Daughter and Mother

Posted on 15 November 2004

Daughter and Mother
Daughter and Mother,
originally uploaded by Barbara Y.

“The Universe is worked and guided from within outwards.
As above so it is below, as in heaven so on earth;
and man – the microcosm and miniature copy of the macrocosm
- is the living witness to this Universal Law and to the mode of its action.”
-Madame H.P. Blavatsky, The Secret Doctrine, 1888

Who is the mother? Who is the daughter? If I define “mother” as “educator”, I’d say that, throughout our eighteen years together, Gill and I keep exchanging roles.

As I write this, another thought comes to mind – that of Adrienne Rich and her idea that truth is complex. I see that sometimes Gill and I are both mothers and, at other times, both daughters.
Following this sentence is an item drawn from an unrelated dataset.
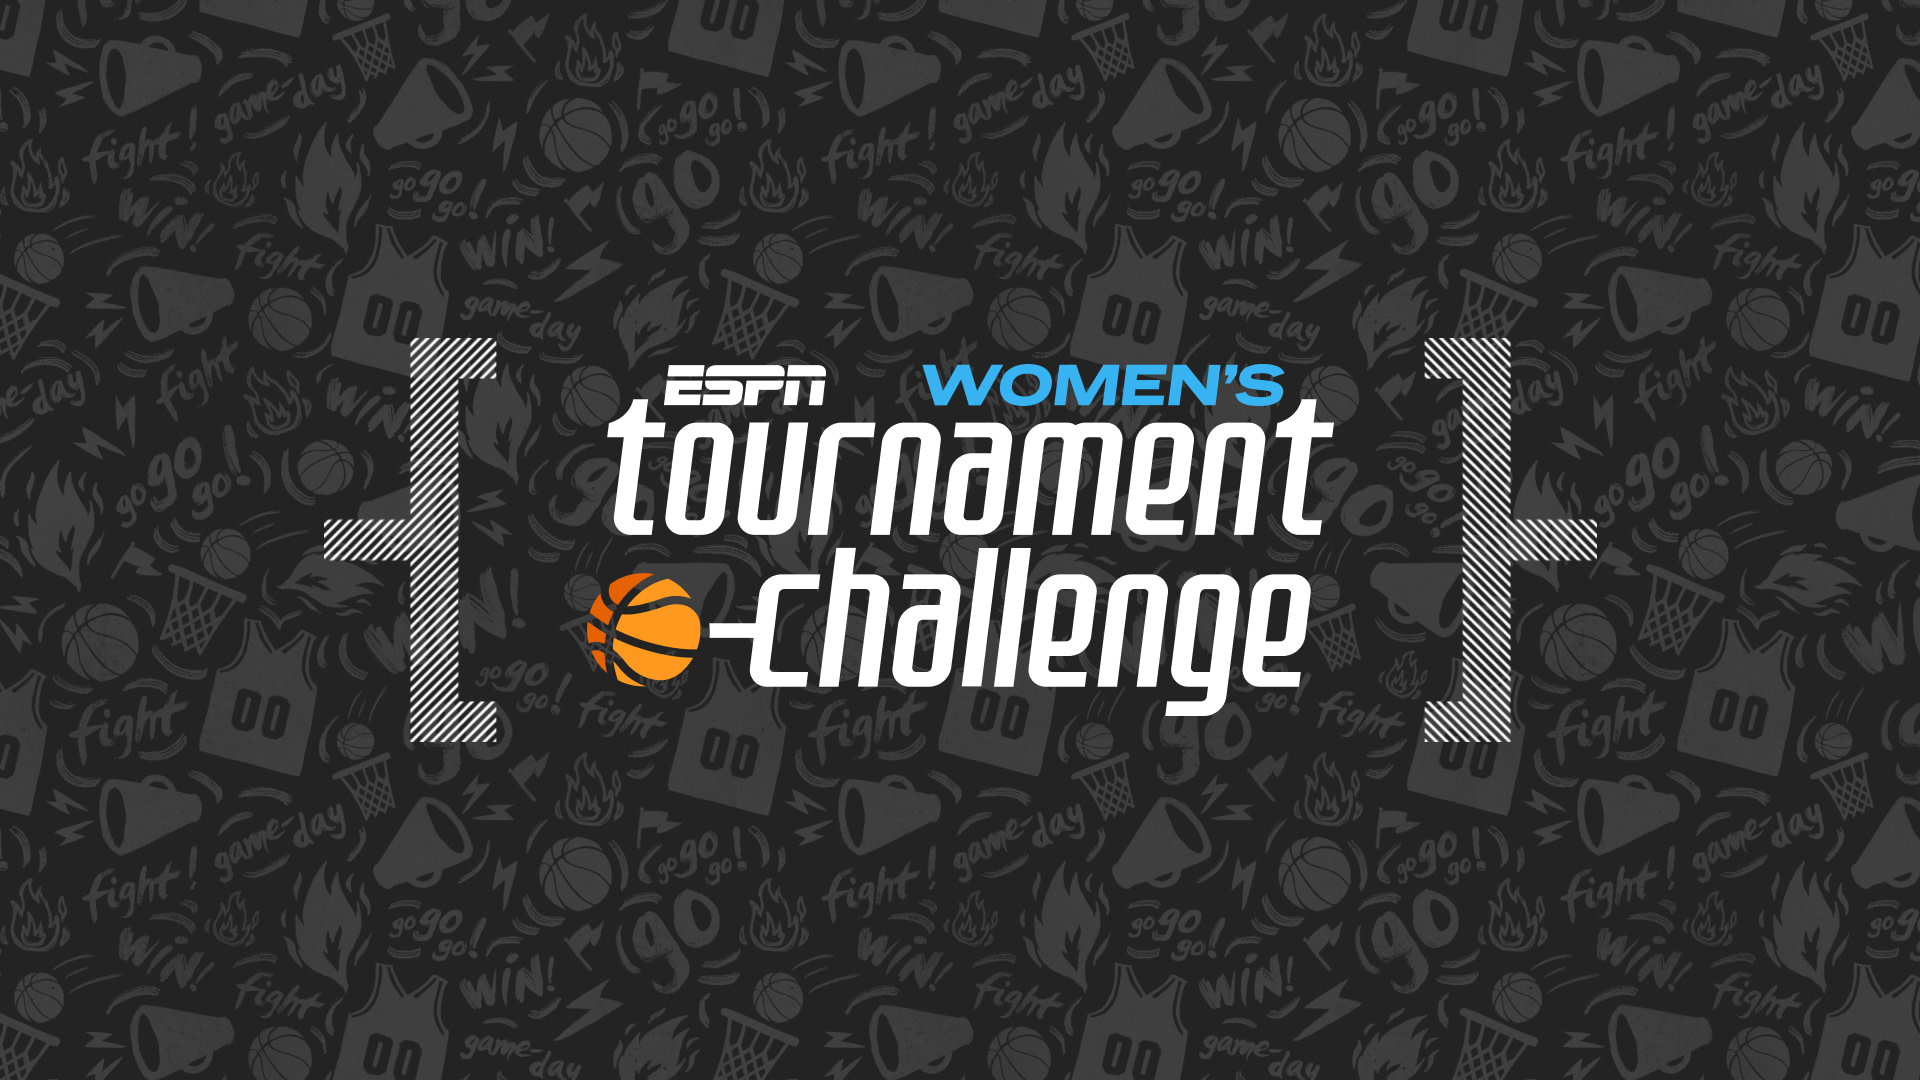 They&#8217;re coming in hot: Five teams on fire heading into the women&#8217;s NCAA tournament

She sent me an email yesterday, after a discussion with two fellow journalist students the night before. Like me, Gill has no great love of reading about world events, especially politics, in the newspaper or on the internet. She wonders if it’s all right to follow her natural bent. “Yes,” was my response.

I have felt a lot of guilt over the years about not reading the newspaper that comes to our door each morning. I’ve tried but, in truth, it bores me. I would never have admitted this a few years ago. I felt stupid because I knew little of what was happening in the world and what I knew came from Rob. “Oh pathetic little housewife,” played through my brain.
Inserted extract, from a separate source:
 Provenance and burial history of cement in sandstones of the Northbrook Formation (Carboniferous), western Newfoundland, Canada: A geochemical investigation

And then I discovered through writing, through living in France, through extraordinary friends, that I am not stupid, that my passion lies elsewhere, is more personal. I love reading about body and mind. I love fiction and poetry – usually written by women (but not always) – that speaks from the personal, that shows me another way of interpreting the world.
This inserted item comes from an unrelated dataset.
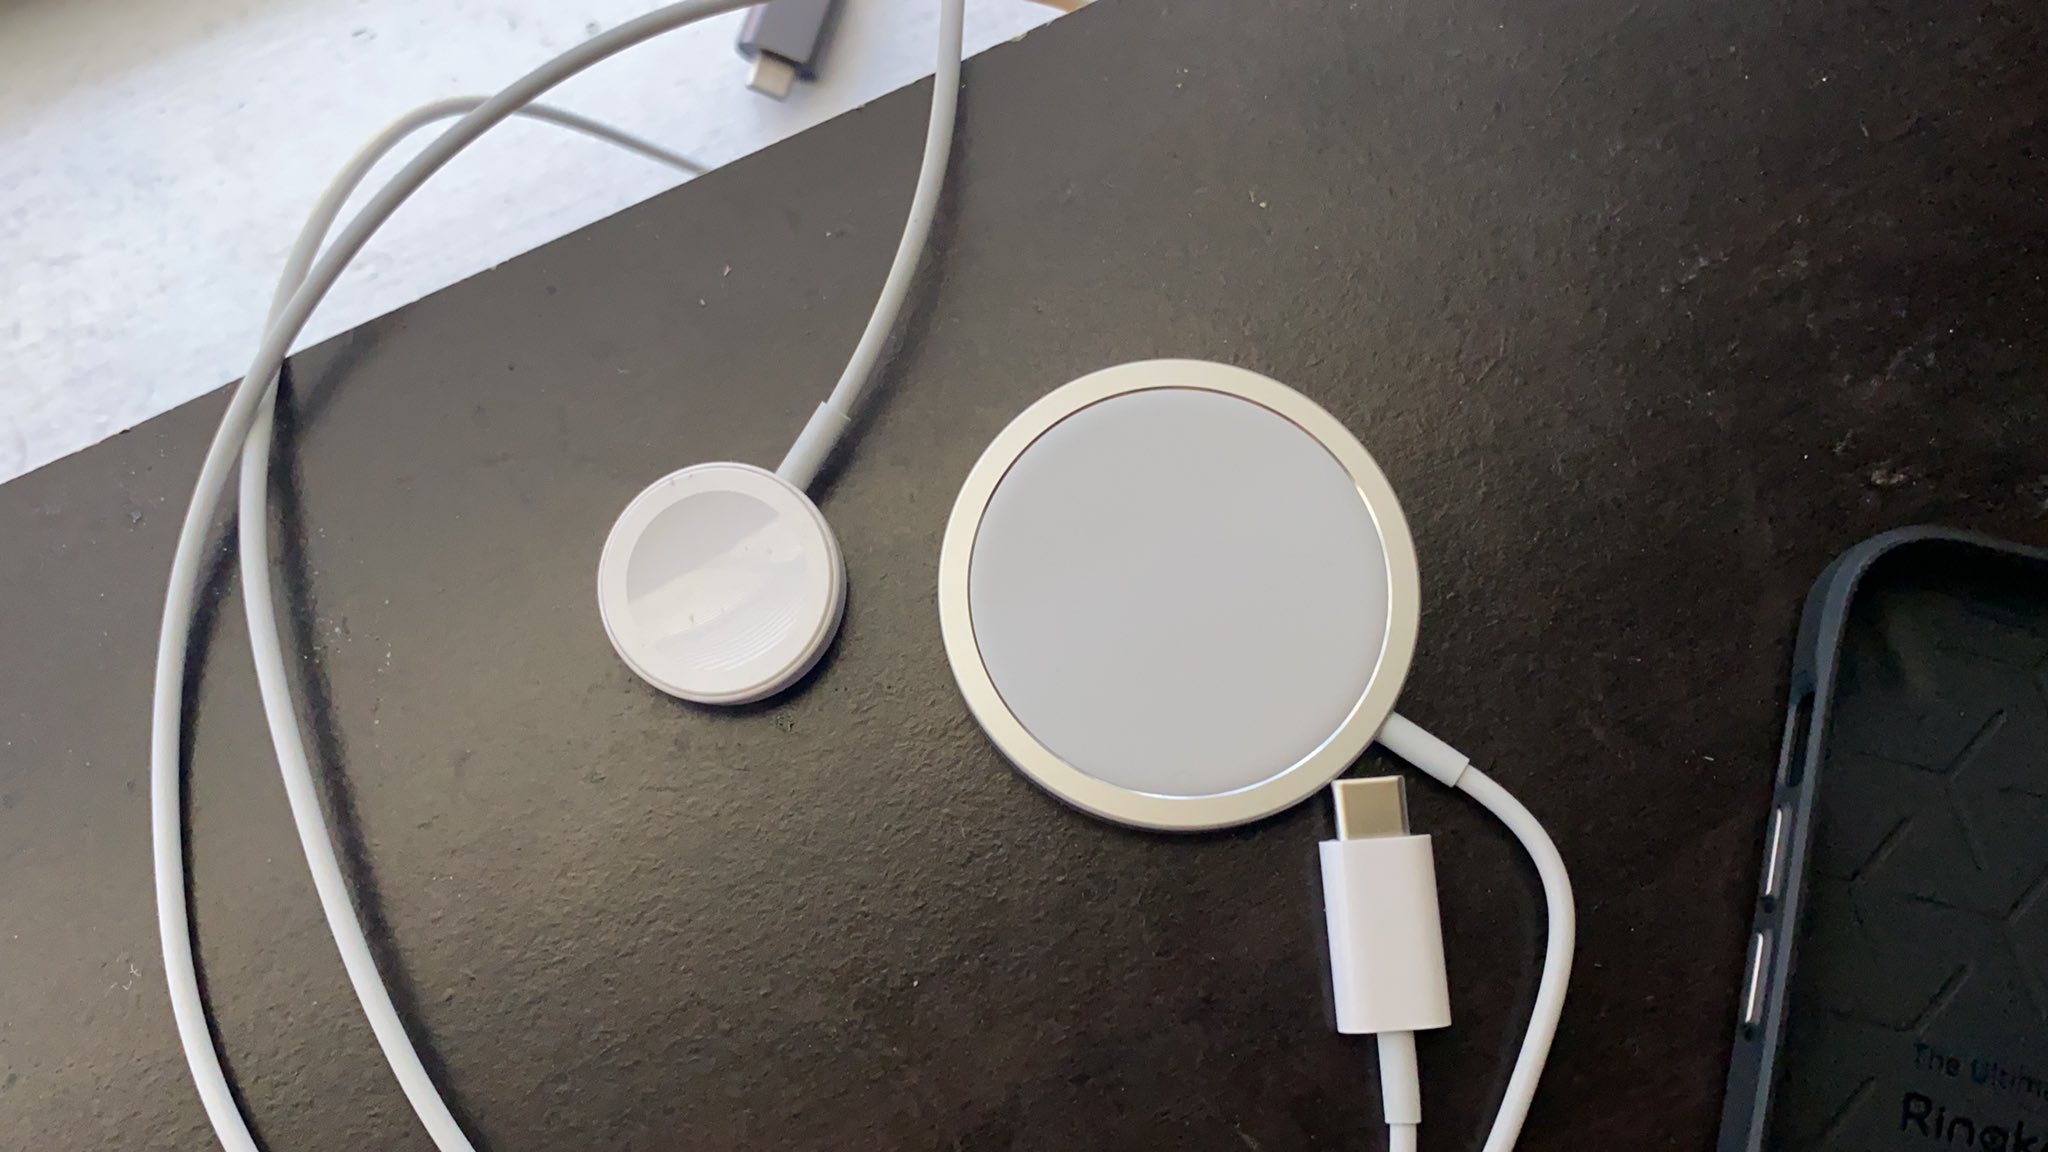 New photos and videos show MagSafe Charger and cases arriving ahead of  iPhone 12 - 9to5Mac

I probably sound like an idiot trying to discuss this topic but what the hell.

It takes all kinds to live in this world. And there is so much to learn. I can’t take it all in. There are only so many hours in my day.

So the way I’ve come to accept my limitations is this. I have divided the people in the world into two types. (This is probably not original but I now own it.) Some look at the world – the macrocosm – and filter what affects them personally. They see from the outside to their inside.

I see the world as a microcosm – the personal – from my inside to the outside world at large. Sometimes or probably often I don’t think about the world at all. I just trust that I’m part of it. I start from me and see how the outside world thwarts or encourages me. Others first look at the world and see how it thwarts or encourages them personally.

It’s useless feeling deficient. I must listen to my own words. Rob said that the most interesting news stories are those told from a personal point of view. I learn about the world beyond myself through listening to Rob and those of my friends who are passionate about the news, who see the larger picture. I allow myself to sit quietly and not contribute. There is nothing wrong with preferring the oral tradition, there is nothing wrong with being ignorant.

I remember one night in France, a number of years ago, when four intellectuals, four PHDs, sat around discussing philosophers that I’d never heard of and feeling like an idiot. I envied their European educations, their knowledge, their quickness of thought. I introduced a light-hearted topic and one woman present laughed and called me a fool. I ran from the table. Later she told me that it was a compliment.

Since that time, I try not to judge myself or grade myself (Helen Luke’s idea). I am not always successful.